1. the target estimand and its **g-computation**;
2. **mediator** identification via two per-outcome $2\times2$ systems;
3. **exposure** identification via a closed-form $2\times2$ inverse;
4. the testable solvability condition $Sn_y + Sp_y \neq 1$.

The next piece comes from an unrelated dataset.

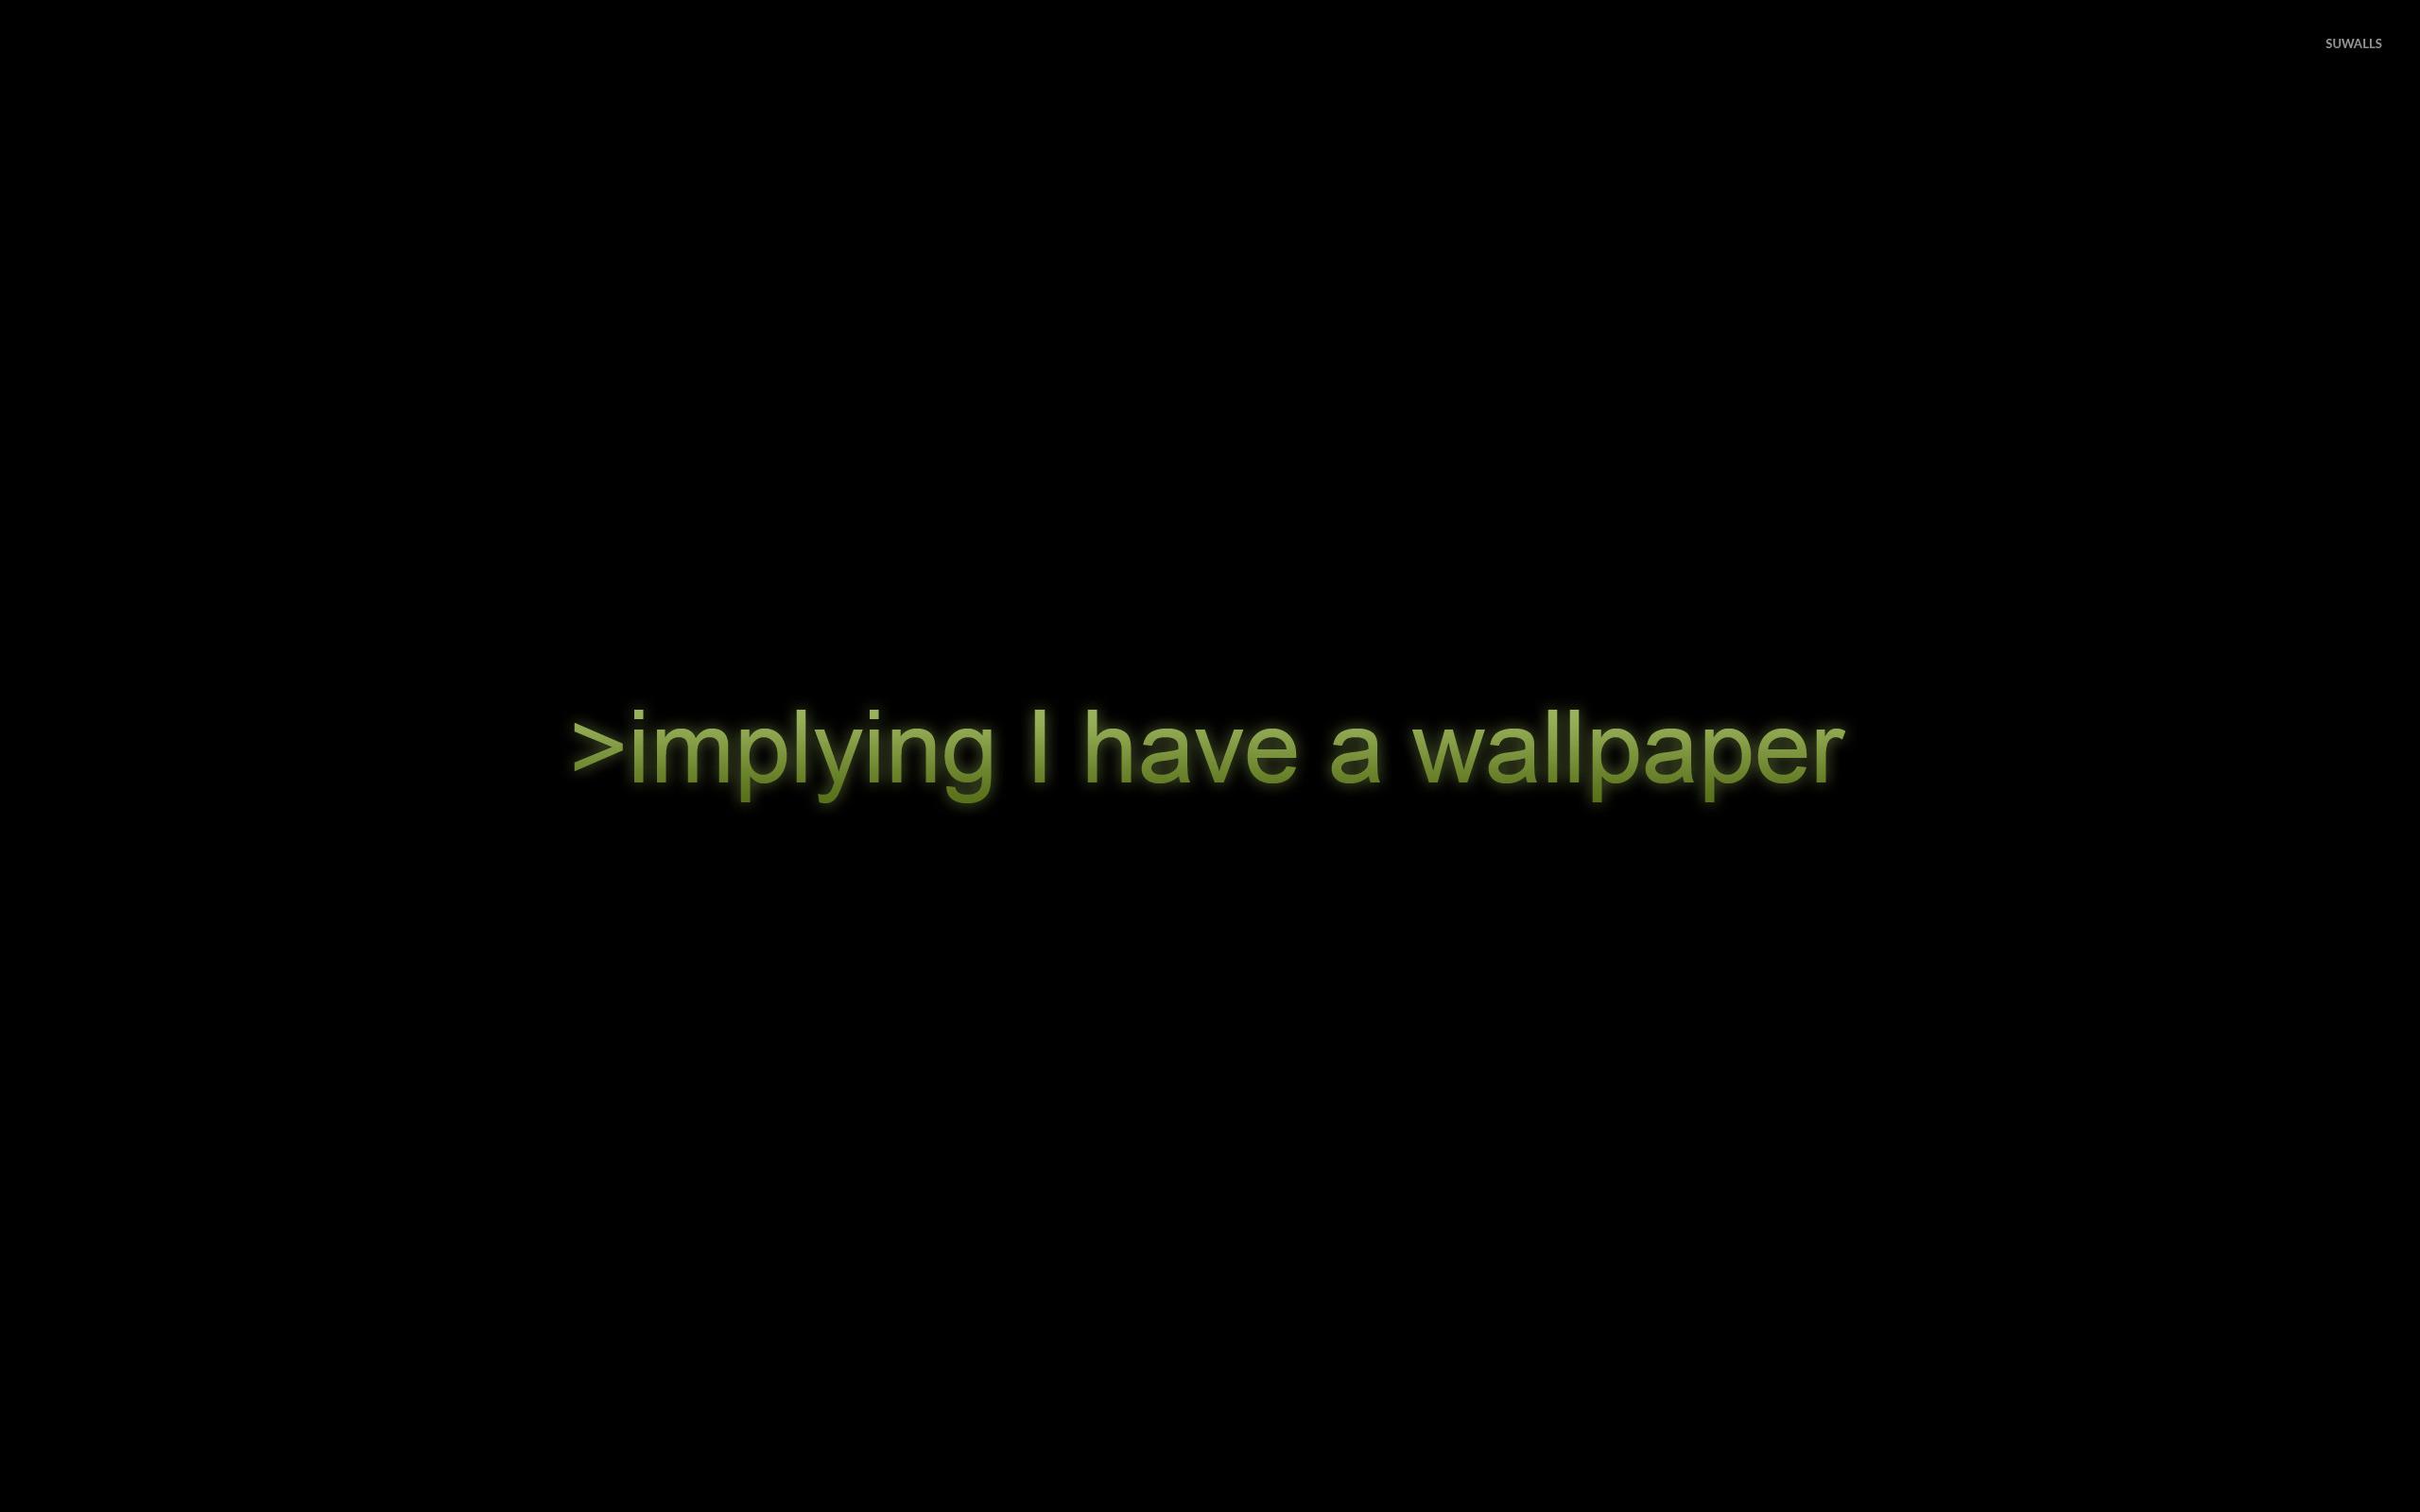 Implying I have a wallpaper wallpaper jpg

It also records two correctness fixes made in version 0.1.0.9000 and the
verification evidence behind them.

## The estimand and g-computation

For binary $A$, $M$, $Y$ with confounders $C$, the natural effects compare three
counterfactual outcome means $E[Y(a, M(a'))]$. The mediator is binary, so the
inner expectation over $M$ is exact, and we average over $C$:

$$
E[Y(a, M(a'))]
= \sum_{c} P(C=c) \sum_{m \in \{0,1\}} P(M=m \mid a', c)\, P(Y=1 \mid a, m, c).
$$

This is the **g-formula**. The crucial point is that the *outcome* is averaged
over the distributions of $M$ and $C$ — the expectation is taken **after** the
nonlinear link, not before. Collapsing $M$ or $C$ to a mean and plugging it into
$\mathrm{expit}(\cdot)$ introduces a Jensen-inequality bias.

::: {.callout-note}
## Fix #1 — estimand (v0.1.0.9000)
The simulator's ground-truth helper `compute_true_effects()` previously used a
plug-in-mean-$M$ formula, biasing the reference `NDE_OR` to $\approx 1.500$ where
the correct g-computation gives $\approx 1.480$. The simulator now Monte-Carlo
g-computes over the empirical $C$ distribution, so the simulation "truth" matches
the estimand the bounds target.
:::

## Differential misclassification

Let $M^*$ be the observed (mismeasured) mediator. Differential error means the
sensitivity and specificity depend on $Y$:

$$
Sn_y = P(M^*=1 \mid M=1, Y=y), \qquad
Sp_y = P(M^*=0 \mid M=0, Y=y), \qquad y \in \{0,1\}.
$$

Within a fixed exposure/confounder cell $(a, c)$ write
$\pi = P(M=1\mid a,c)$, $g_1 = P(Y=1\mid M=1,a,c)$, $g_0 = P(Y=1\mid M=0,a,c)$.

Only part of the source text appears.